◆ **Task directions**:
Please retype the listing below word for word and exclude its images.

◆ **Given data**:
= = =
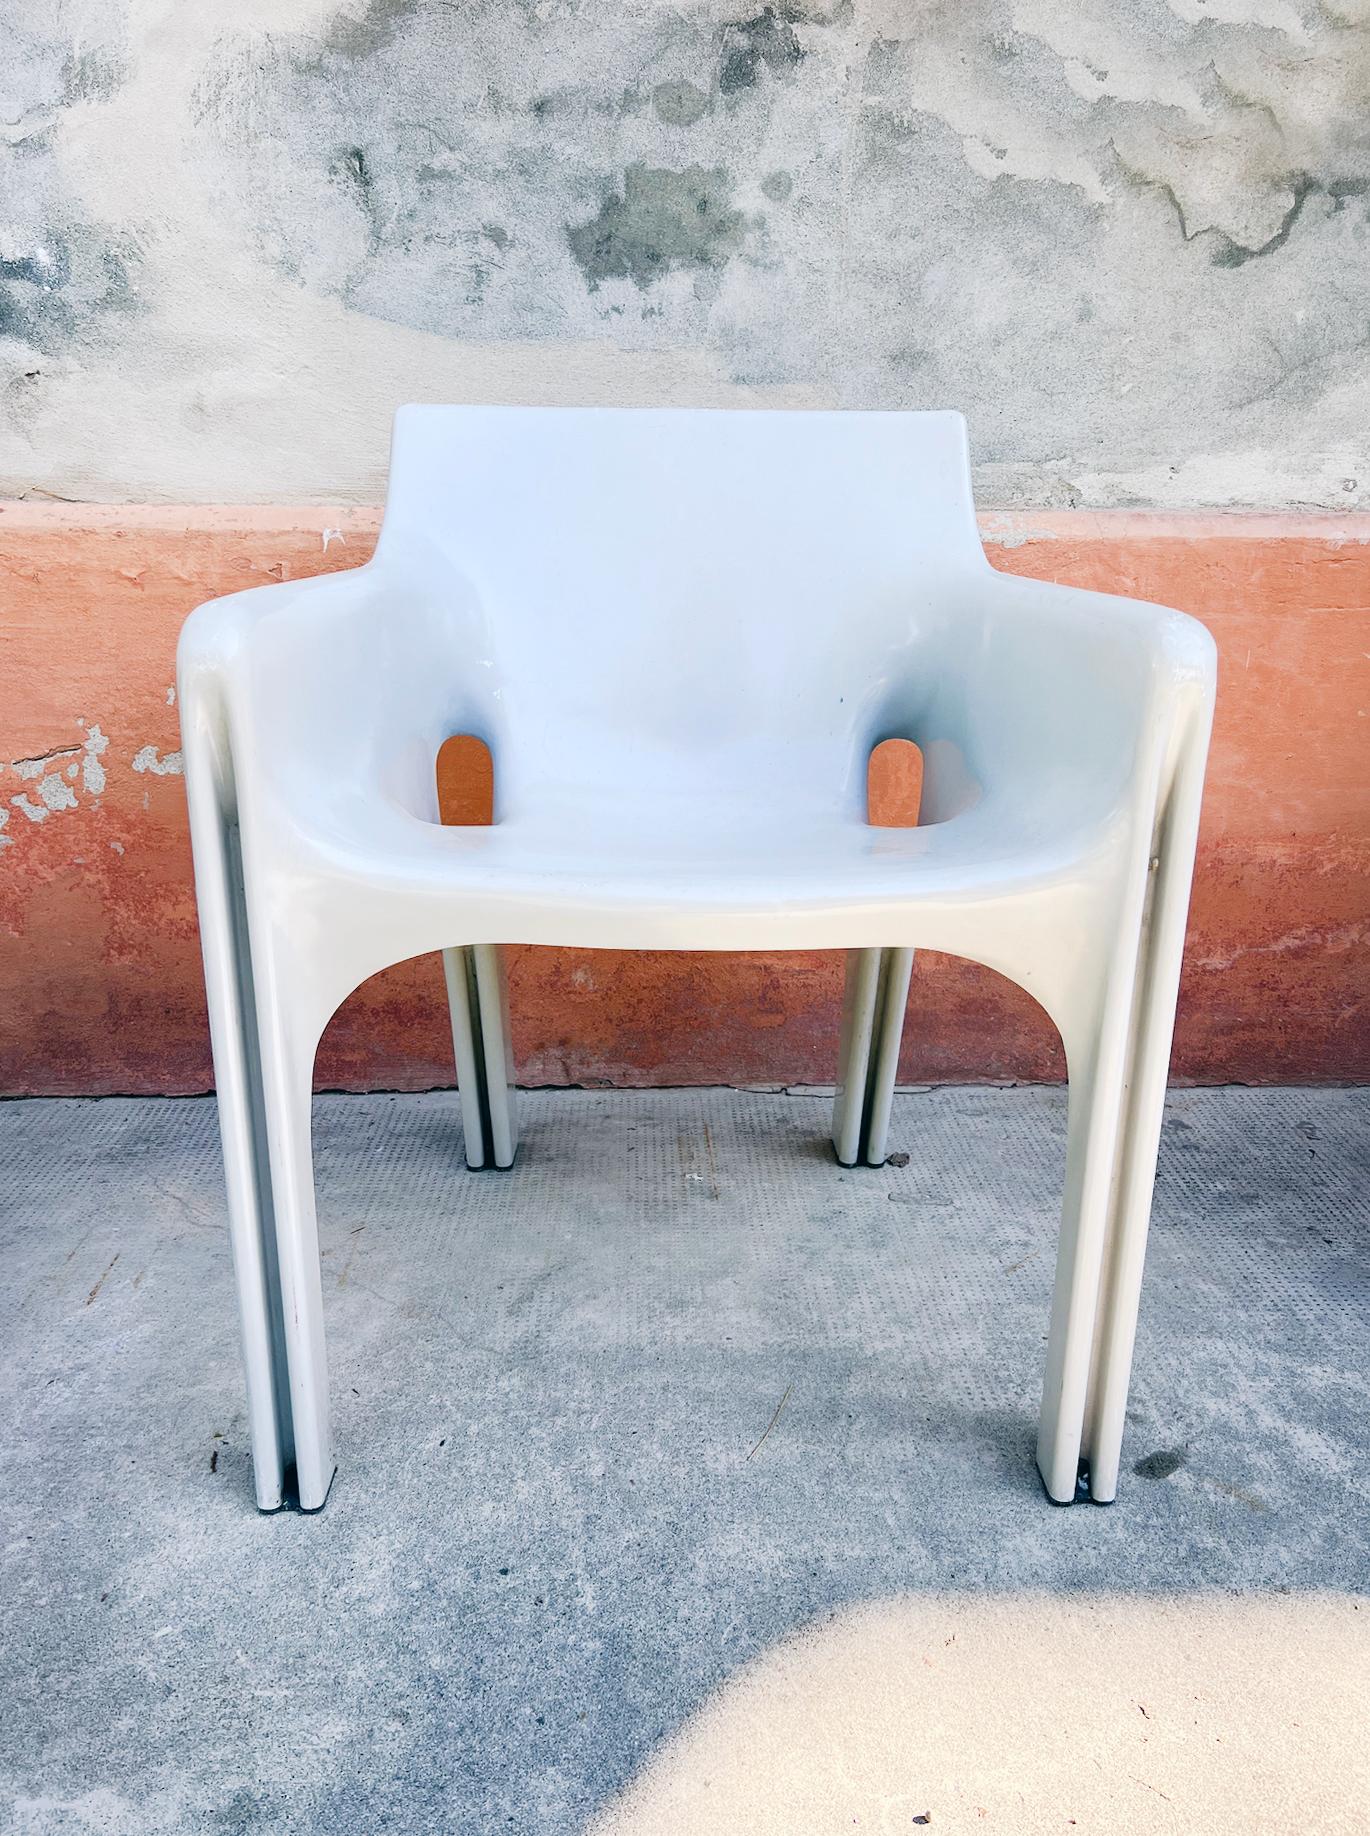 Designed by Vico Magistretti  for Artemide Italy in the 1970's. -  Off-white fiberglass. In great vintage condition
Vico was an Italian architect who was also active as an industrial designer, furniture designer, and academic.  Magistretti's works
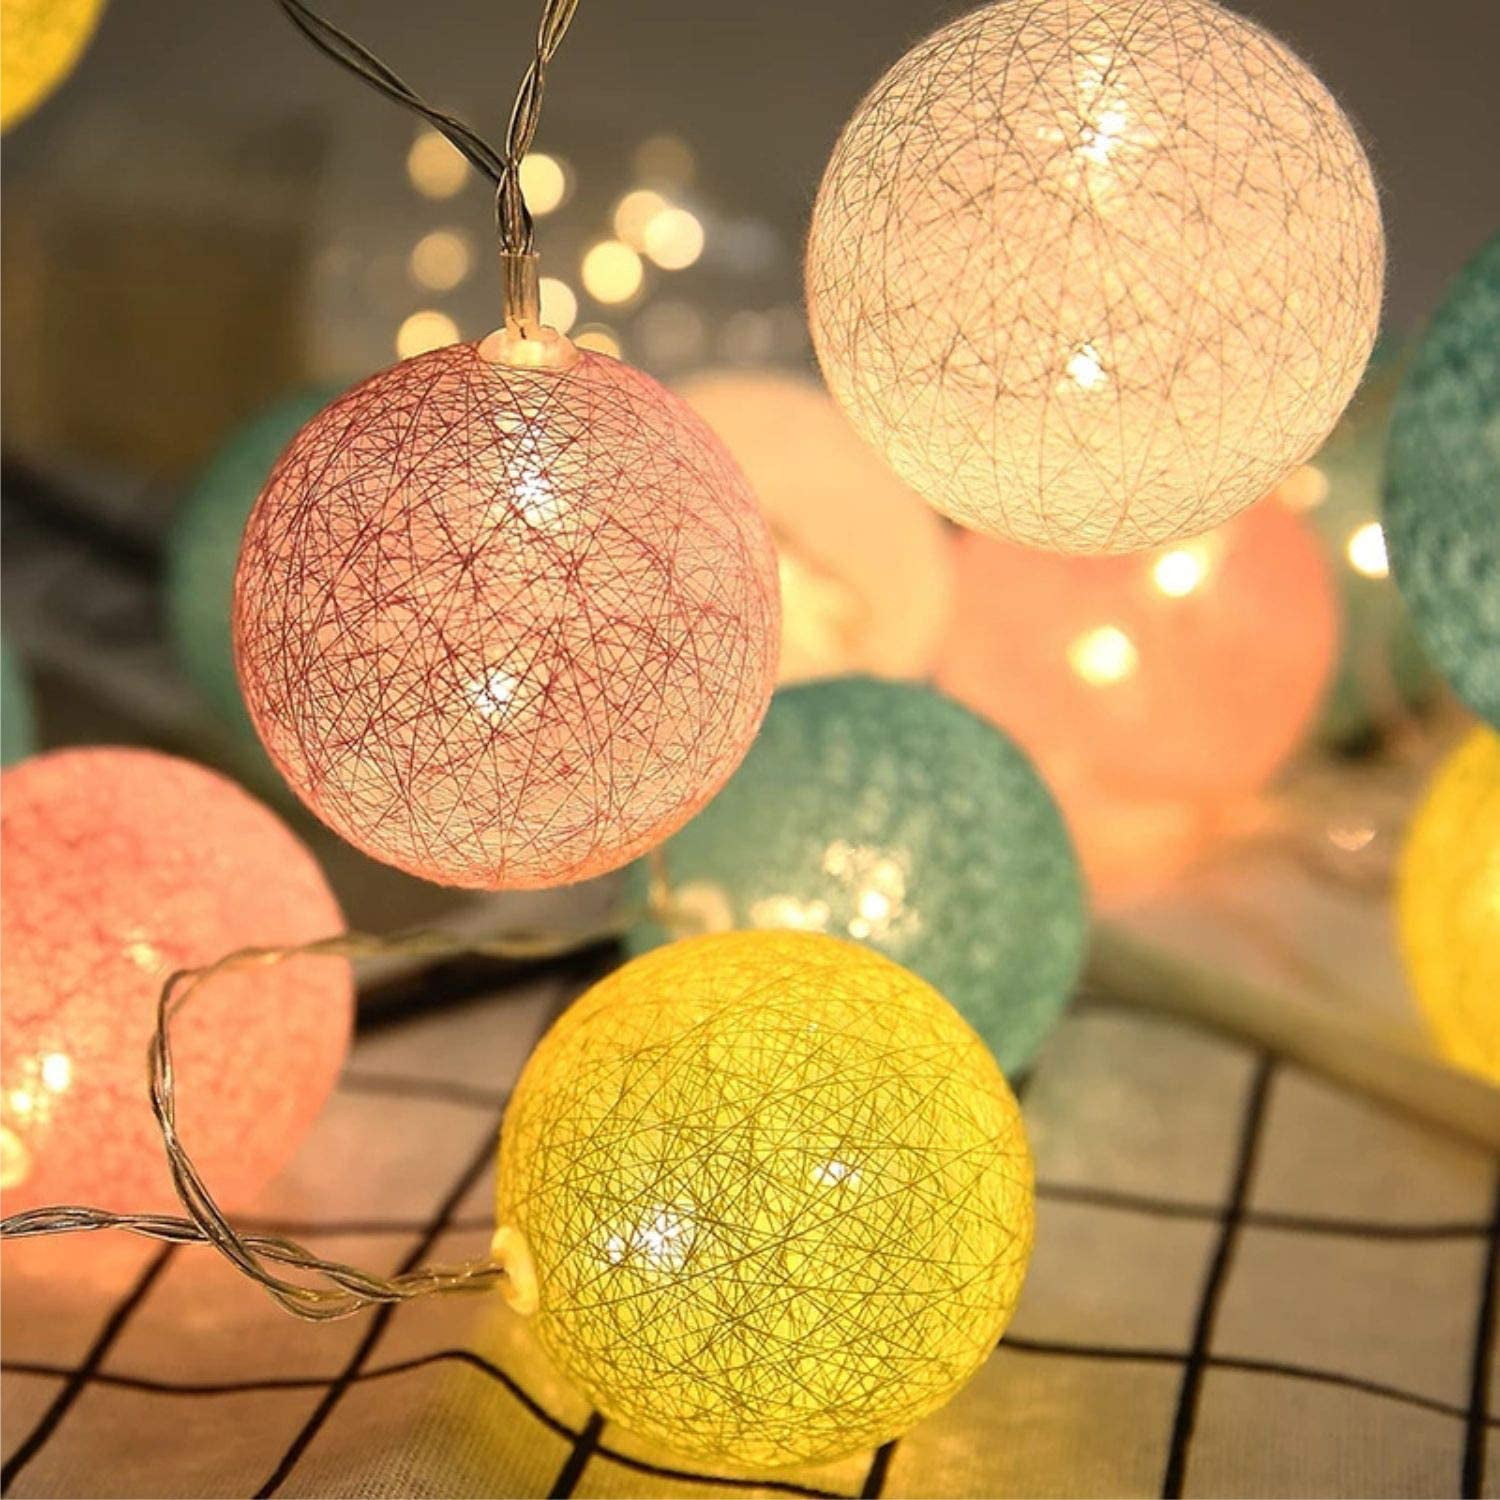 Details about   20LED 3M Cotton Ball Ball Globe String Fairy LED Lights Kid Bedroom Home DN1L1
= = =
◆ **Output for this task**:
 Designed by Vico Magistretti  for Artemide Italy in the 1970's. -  Off-white fiberglass. In great vintage condition
Vico was an Italian architect who was also active as an industrial designer, furniture designer, and academic.  Magistretti's works
 Details about   20LED 3M Cotton Ball Ball Globe String Fairy LED Lights Kid Bedroom Home DN1L1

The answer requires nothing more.